É certo que a mais acessível escapatória de uma rotina é criar outra rotina, um conjunto de rituais sistemáticos que se tornaram parte do dia a dia de Julien (Mathieu Almaric). Contudo, as amarras com a rotina anterior são demasiado fortes, ou Julien demasiado fraco para finalmente desprender se e aceitar as suas escolhas. Baseado num livro policial de Georges Simenom, O Quarto Azul marca a quarta longa-metragem realizada pelo ator Mathieu Almaric(para além disso, tem aqui um dos seus melhores desempenhos), uma prolongação de um pesadelo passional que adquire através de uma narrativa desfragmentada e misteriosa, contornos burlescos e de uma certa e negra ironia.

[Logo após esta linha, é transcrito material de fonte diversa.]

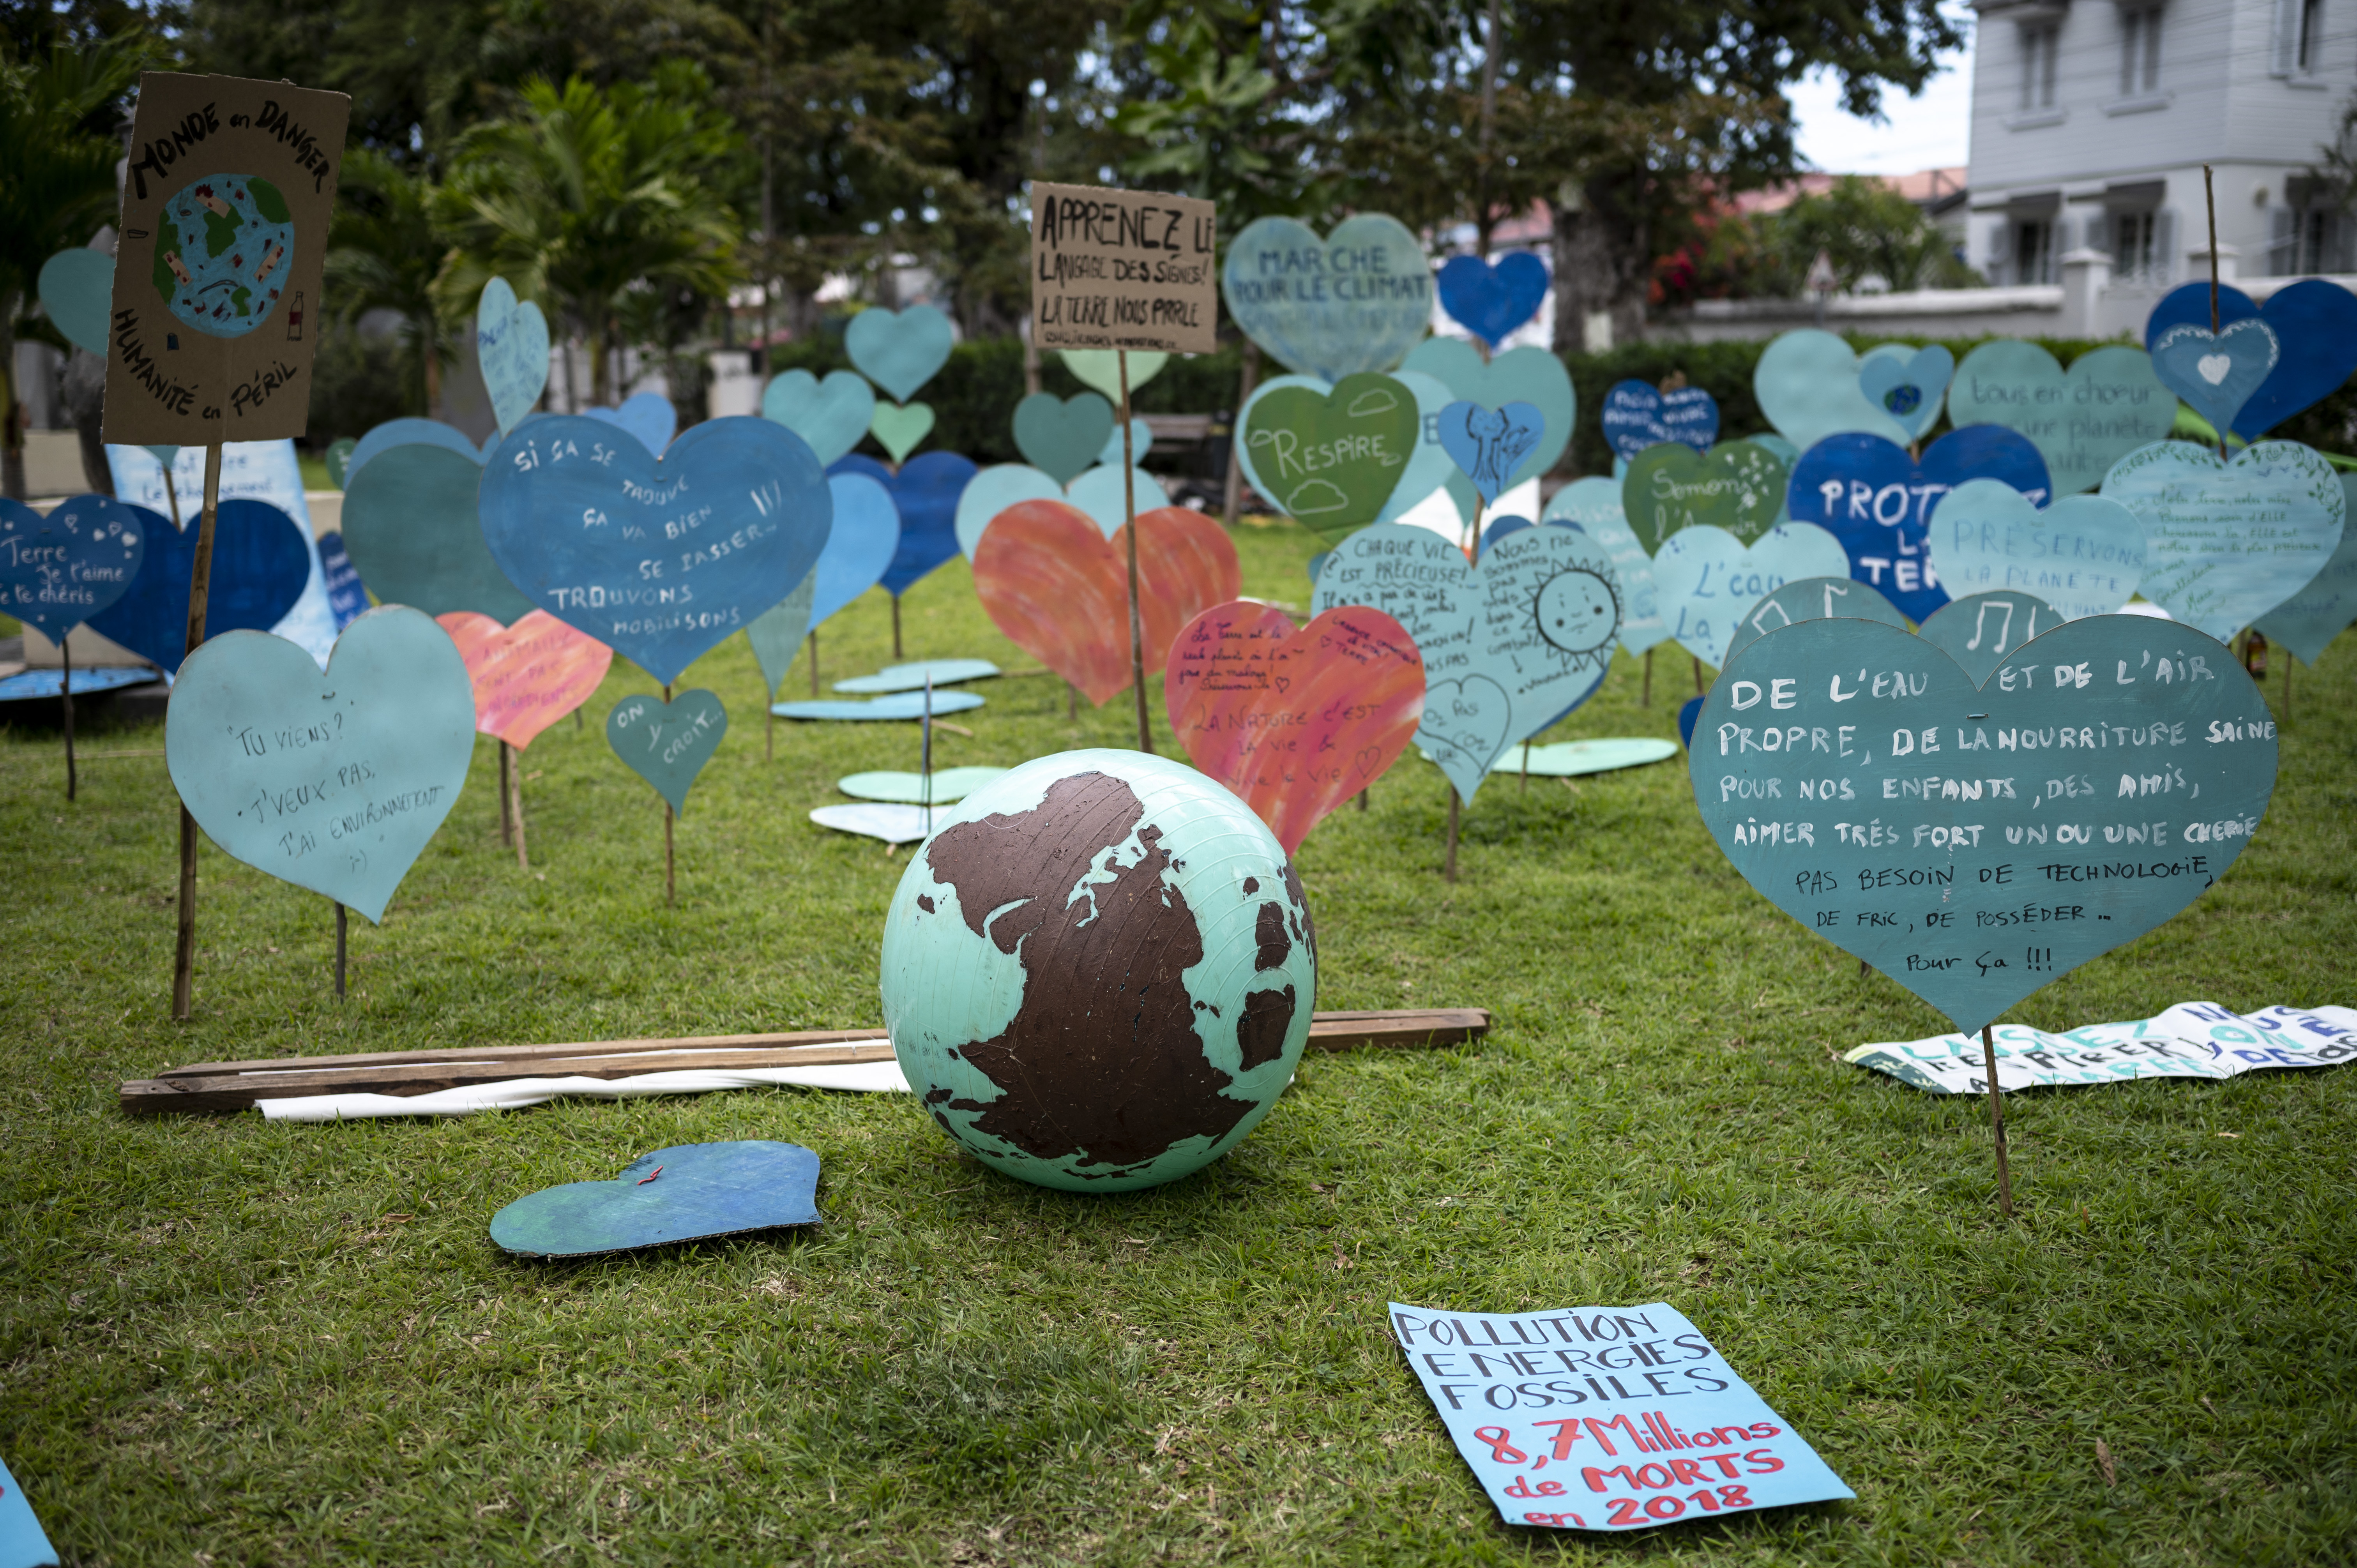 Saint-Paul, Reunion szigete, 2021. szeptember 25. A Föld felé áradó szeretet üzenetei a szigeten tartott, klímaváltozás elleni tüntetés részeként. A szigeten mintegy kétszázan gyűltek össze az IPCC legutóbbi, augusztus elején közzétett klímajelentését követően. A résztvevők igyekeztek az ökoszorongást kifejező, ugyanakkor pozitív üzeneteket közvetíteni.

A história que surge inicialmente, e de importante cadência, é um quarto azul de hotel, que aqui é mais que um cenário. É um elo de cumplicidade entre as duas personagens; Julien e Esther (Stephanie Cleau), ambos sujeitos respetivamente casados mas obsessivos em saciar uma atração de adolescente. O resultado é um adultério metódico, conduzido por sinais e de uma discrição exemplar. Porém, algo acaba por correr mal. Os primeiros minutos de fita não escondem o conflito que se avizinha – Julien é acusado de matar a sua própria mulher, a fim de ficar com a sua amante, mas o nosso protagonista proclama a sua inocência, mesmo que os indícios apontem noutra direção.

O Quarto Azul não se expõe como um thriller passional ao jeito de Atração Fatal, de Adrian Lyne. Ao invés disso, temos um filme não convencional que “brinca” com a própria disposição narrativa e com a consciência das suas personagens e com isso com o constante julgamento do seu espectador. O quarto azul do filme torna-se assim num local de crime, numa metáfora envolvida em vórtice que aprisiona todos em seu redor. Se o livro em si é misterioso e atmosférico, o filme de Almaric respeita essa aura incógnita, mas infelizmente a atmosfera parece ter ficado à porta dos propósitos do ator agora convertido em autor, sendo que a sua maioritária preocupação é sob material vencido em Cinema: vergar uma visão masculinamente perturbadora.

Aliás, O Quarto Azul é um filme que se preza pelo respeito tremendo que tem pelas mulheres, salientando o seu intelecto, perseverança, perceção e no poder que possuem sobre os homens, estes cada vez mais vistos na sociedade ocidental como o “verdadeiro” sexo fraco.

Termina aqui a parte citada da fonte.